Commissioner of the NAL, Chris Siegfried, and Bouchy both attended a press conference Wednesday in Worcester to announce the league’s newest member, the Massachusetts Pirates, which brings the number of teams in the league to a grand total of… drumroll, please… five. Wait, five? And to think that the Jacksonville Sharks left the AFL due to the reduced number of teams. Sigfried did say, though, that two more franchises, the one in Portland and another in Greensboro, North Carolina, would be announced in the oncoming weeks. “We’re going to play starting in April,” Siegfried said. “The main focus now is getting the word out. We know that if people [whether or not they bet on Arena football] come to a game, they’re going to fall in love.” Huh. So it’s kind of like the Love Boat.

And then there were three

Eight teams participated in the inaugural 2017 Arena football betting season, but only three survived the fickle waters of indoor football; namely, the aforementioned Jacksonville Sharks, the Lehigh Valley Steelhawks, and the Columbus Lions. And the other five? Let’s do like the end of American Graffiti, where you found out what happened to everyone!

  • Corpus Christi Rage. Team operations were taken over by the league after four games and the franchise folded at the end of the season.
  • Dayton Wolfpack. The owners failed to secure a lease and all home games were removed from the schedule. The league ran the franchise as a travelling team using a variety of semi-professional units based out of Georgia.
  • Georgia Firebirds. The league announced after the season that the team was changing ownership but could not commit to the 2018 season until the new ownership acquired a new arena lease. The Firebirds were removed from the league in November 2017.
  • High Country Grizzlies. Left after the 2017 season for the new American Arena League.
  • Monterrey Steel. Could not commit to the 2018 season and were removed from the league.

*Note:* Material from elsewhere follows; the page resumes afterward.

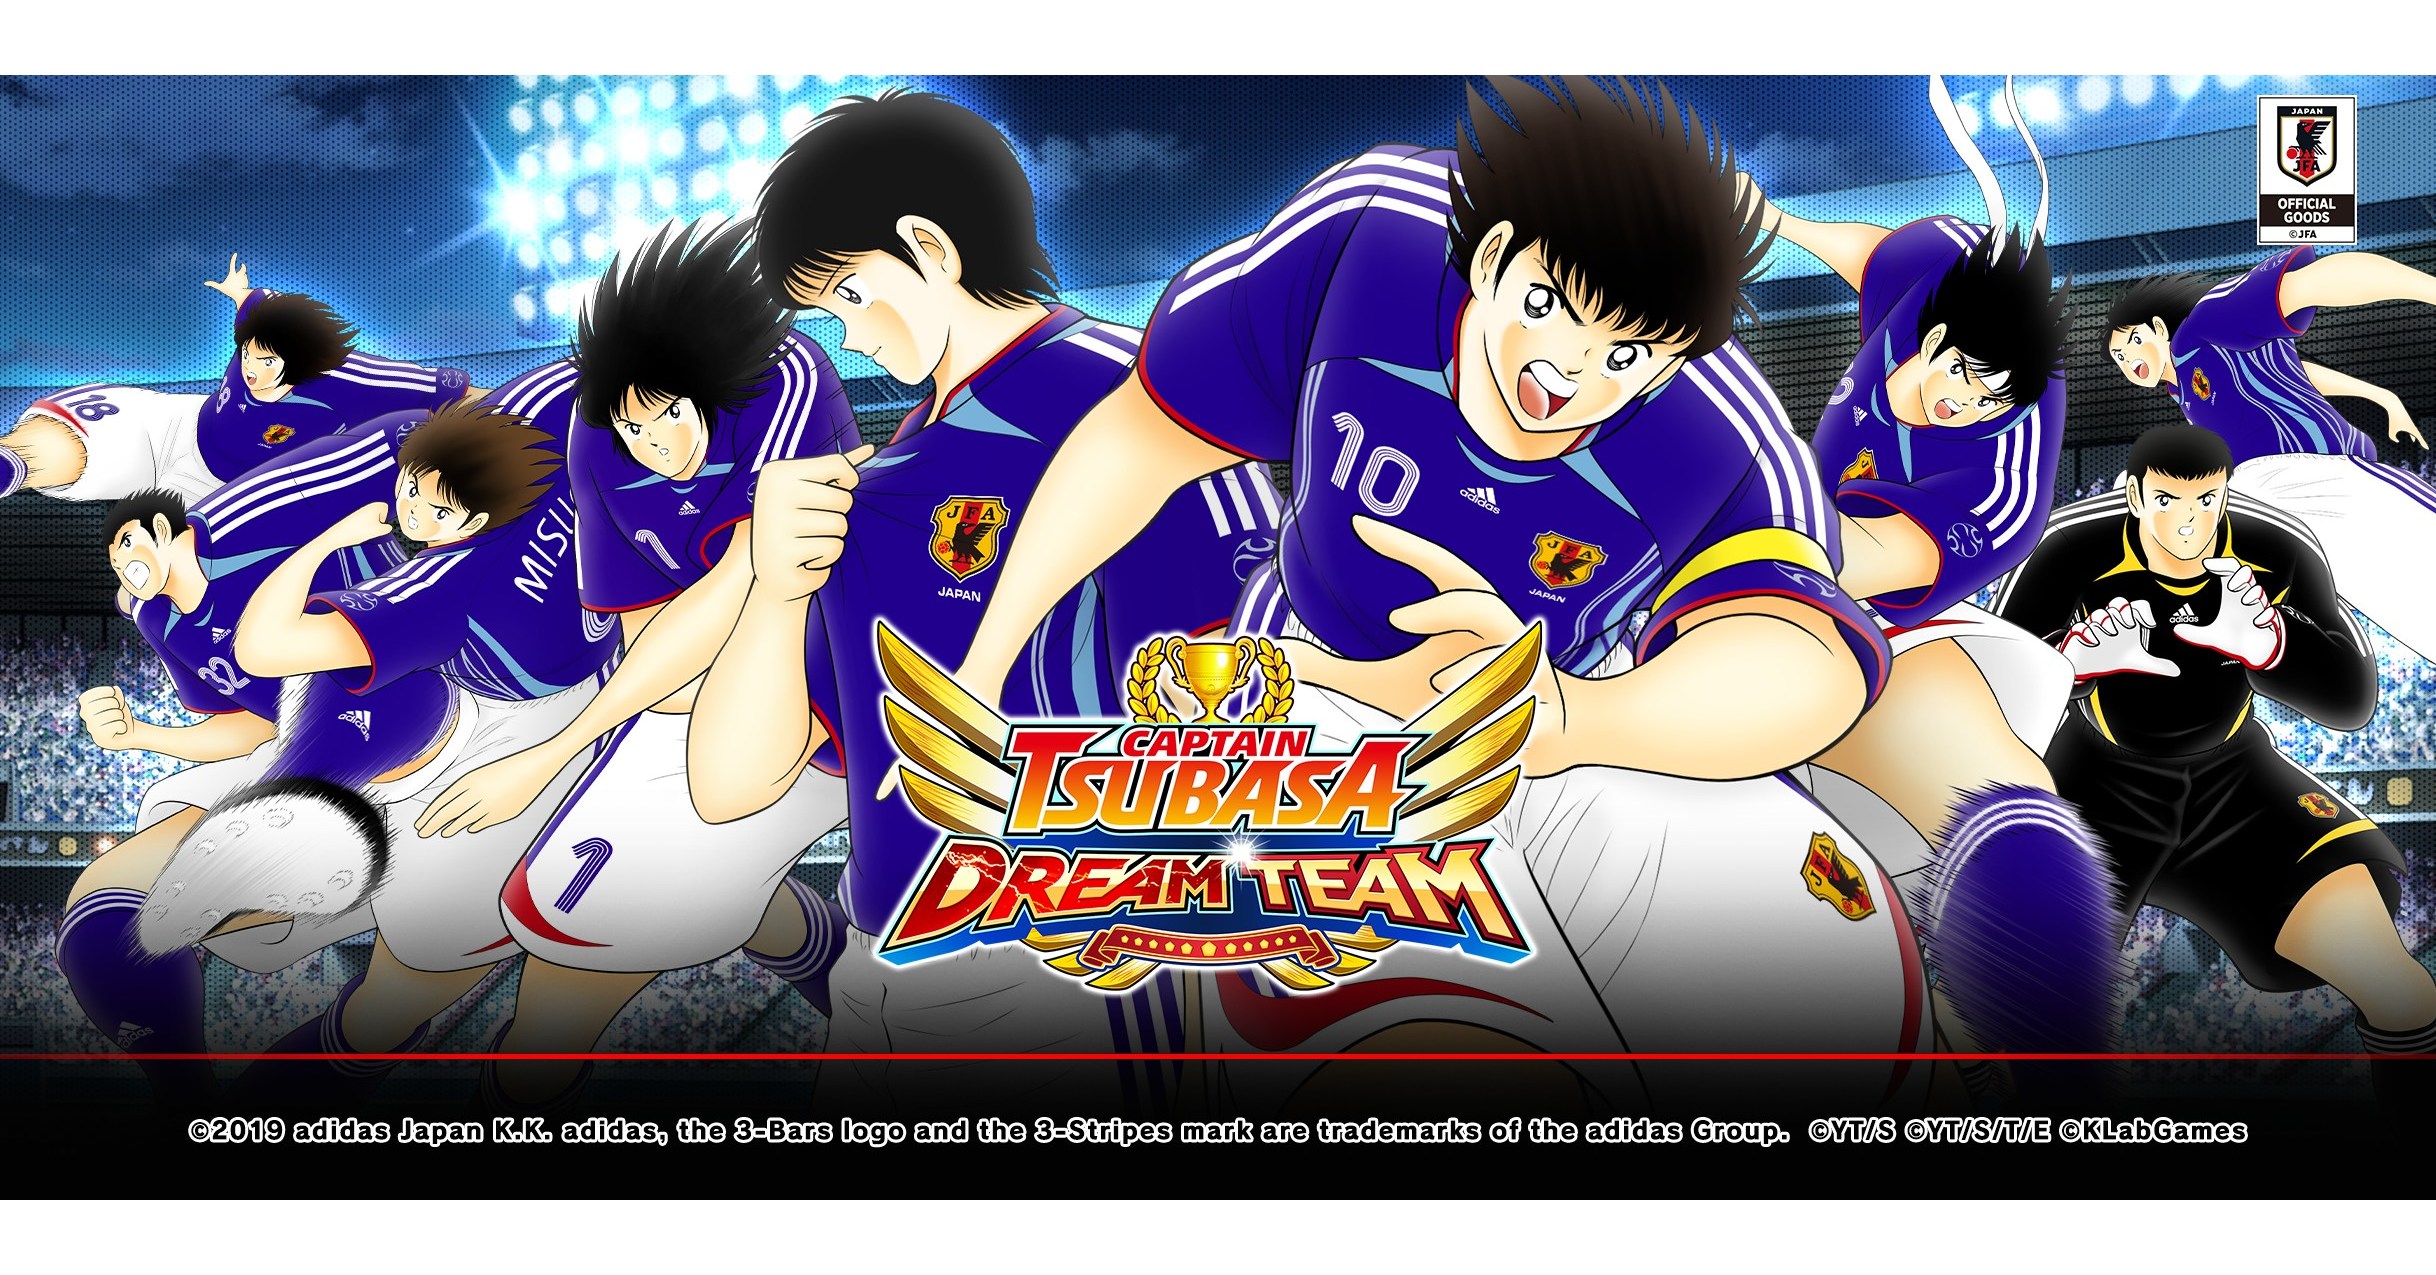 Captain Tsubasa Dream Team Worldwide Release 2nd Anniversary Starts Today
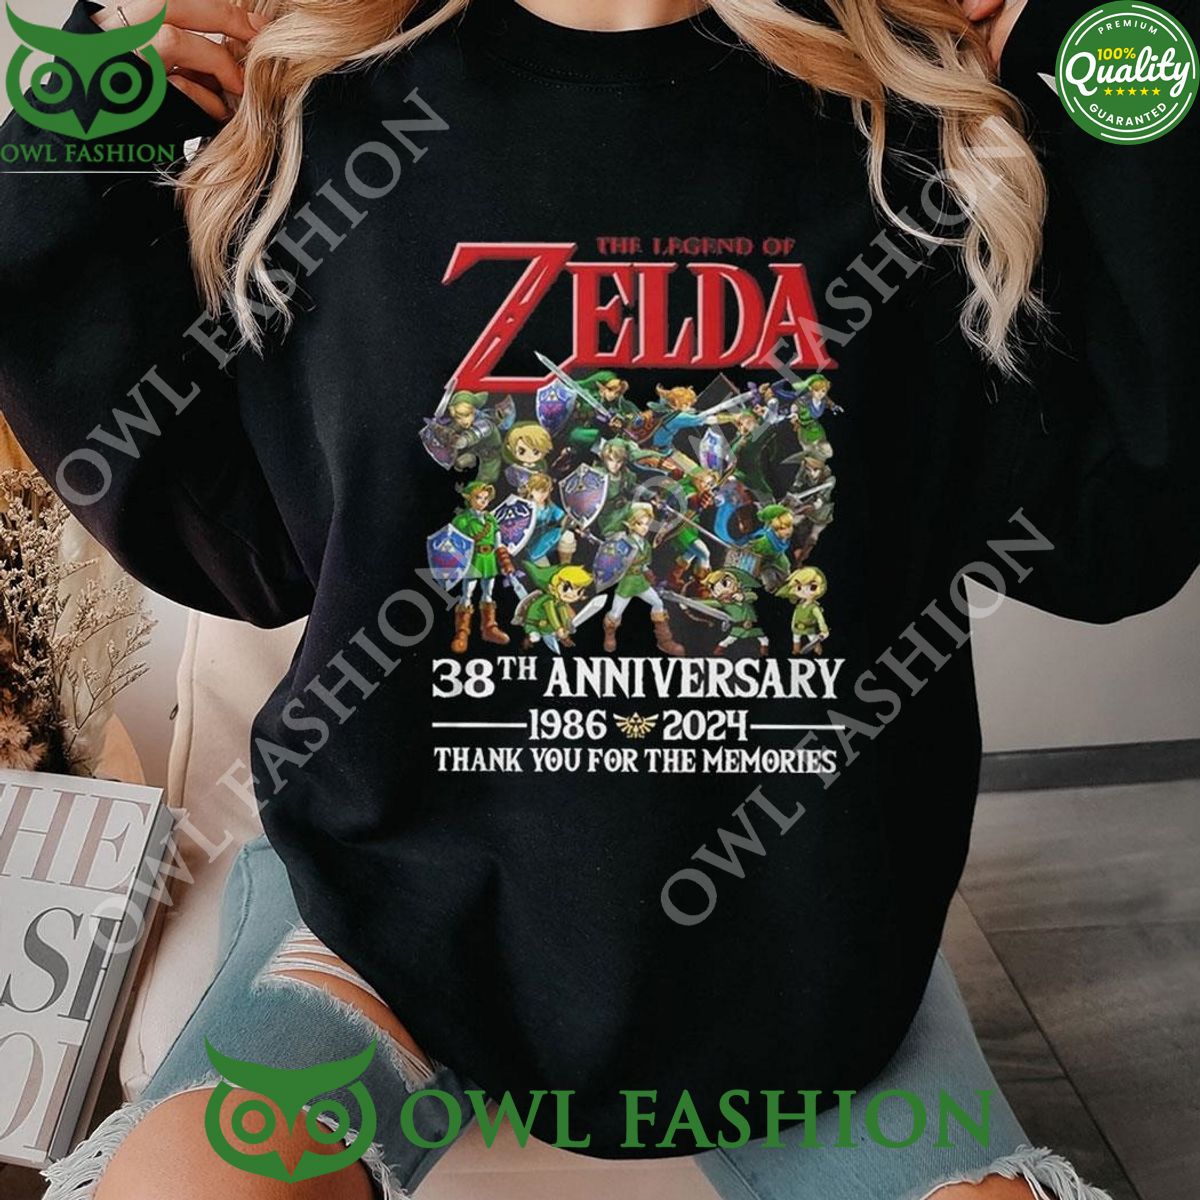 the legends of zelda 38th anniversary 1986 2024 memories hoodie shirt 1 fyUaC.jpg

Siegfried admitted that the league’s growing pains were almost as bad as the actual Growing Pains, but said he and Bouchy have years of experience in arena football and are confident that their venture will be successful. “The National Arena League is committed to its fans and every game is going to be played,” Siegfried said. “Our first year was a tumultuous year, but it was a successful year because we completed it.” one wonders, what would be the Arena football betting odds of a second complete season?